Paolo Palmisani, uno degli arrestati per l'omicidio di Emanuele Morganti, ieri era in aula a Frosinone. Palmisani ha deciso di partecipare a un'udienza che lo riguardava. Scortato dagli agenti della polizia penitenziaria, l'uomo ha fatto il suo ingresso in aula intorno alle 9.30. La causa, la prima iscritta a ruolo, riguarda un abuso edilizio, reato connesso all'attività di imprenditore edile svolta in passato da Palmisani.
La sua presenza ha destato sicuramente curiosità. In molti, con l'aula ancora gremita, non hanno potuto non commentare la sua presenza, seppur per pochi minuti. Il processo, infatti, davanti al nuovo giudice monocratico Francesca Proietti ha visto l'ammissione delle prove, la richiesta dei testimoni e poi è stato rinviato ad ottobre quando entrerà nel vivo.

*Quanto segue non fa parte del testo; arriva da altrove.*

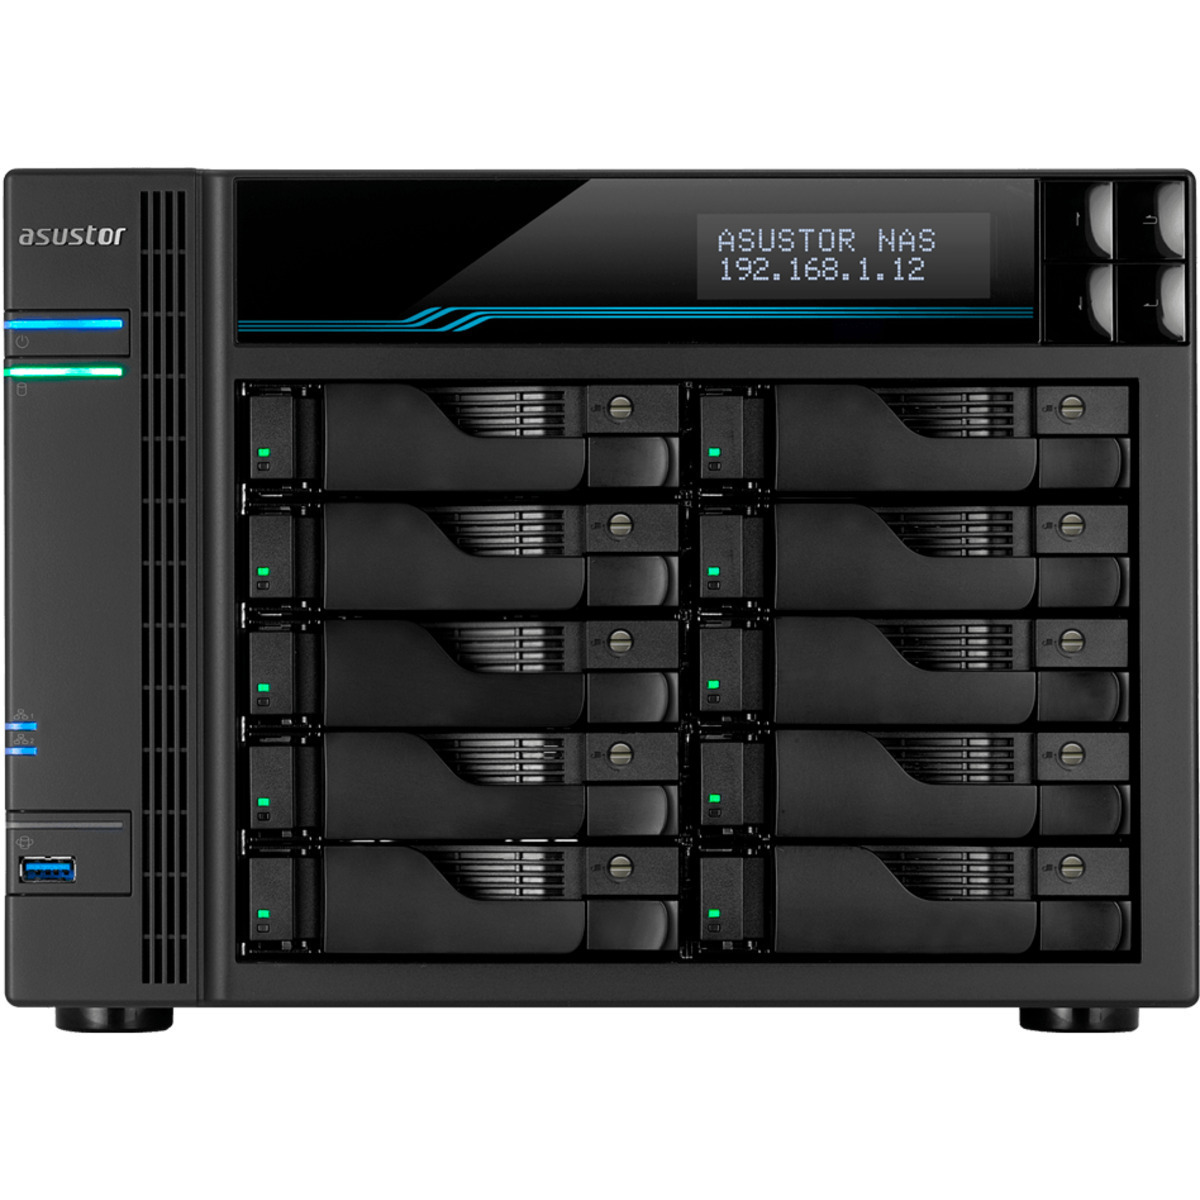 ASUSTOR AS6510T Lockerstor 10 120tb 10-Bay Desktop Multimedia / Power User / Business NAS - Network Attached Storage Device 10x12tb Seagate EXOS X18 ST12000NM000J 3.5 7200rpm SATA 6Gb/s HDD ENTERPRISE Class Drives Installed - Burn-In Tested - FREE RAM UPGRADE AS6510T Lockerstor 10

I fatti oggetto del procedimento, secondo l'accusa, sono stati commessi a Ferentino tra ottobre 2015 e febbraio 2016. Se in occasione dell'udienza al gup, Palmisani, assistito dall'avvocato Angelo Bucci, aveva scelto di non presenziare, ieri ha deciso di farsi accompagnare in aula. Peraltro il rinvio a giudizio, per una strana coincidenza, era avvenuto lo stesso giorno in cui era stata resa nota la chiusura delle indagini preliminari per l'omicidio di Emanuele Moraganti. Per questo fatto, Palmisani, arrestato al pari degli altri alatresi Franco e Mario Castagnacci e del frusinate Michel Fortuna, dovrà comparire a febbraio in udienza preliminare. E in quel caso rischia di finire davanti alla Corte d'assise.
Oltre a Palmisani, coinvolto nella vicenda quale titolare di una ditta di costruzioni, sotto processo sono il proprietario dell'immobile, un frusinate di 27 anni, e il geometra, anch'egli frusinate, 41 anni, difesi dagli avvocati Paolo Pulciani e Alessio Andrej Caperna. Il proprietario dello stabile aveva ottenuto un permesso a costruire, ma non aveva proceduto a comunicare l'inizio dei lavori, questo perché - sostiene l'accusa - le opere realizzate erano abusive in quanto non era stato demolito un preesistente locale agricolo. Quindi l'opera era andata avanti nonostante i dinieghi, riattivando un vecchio permesso a costruire.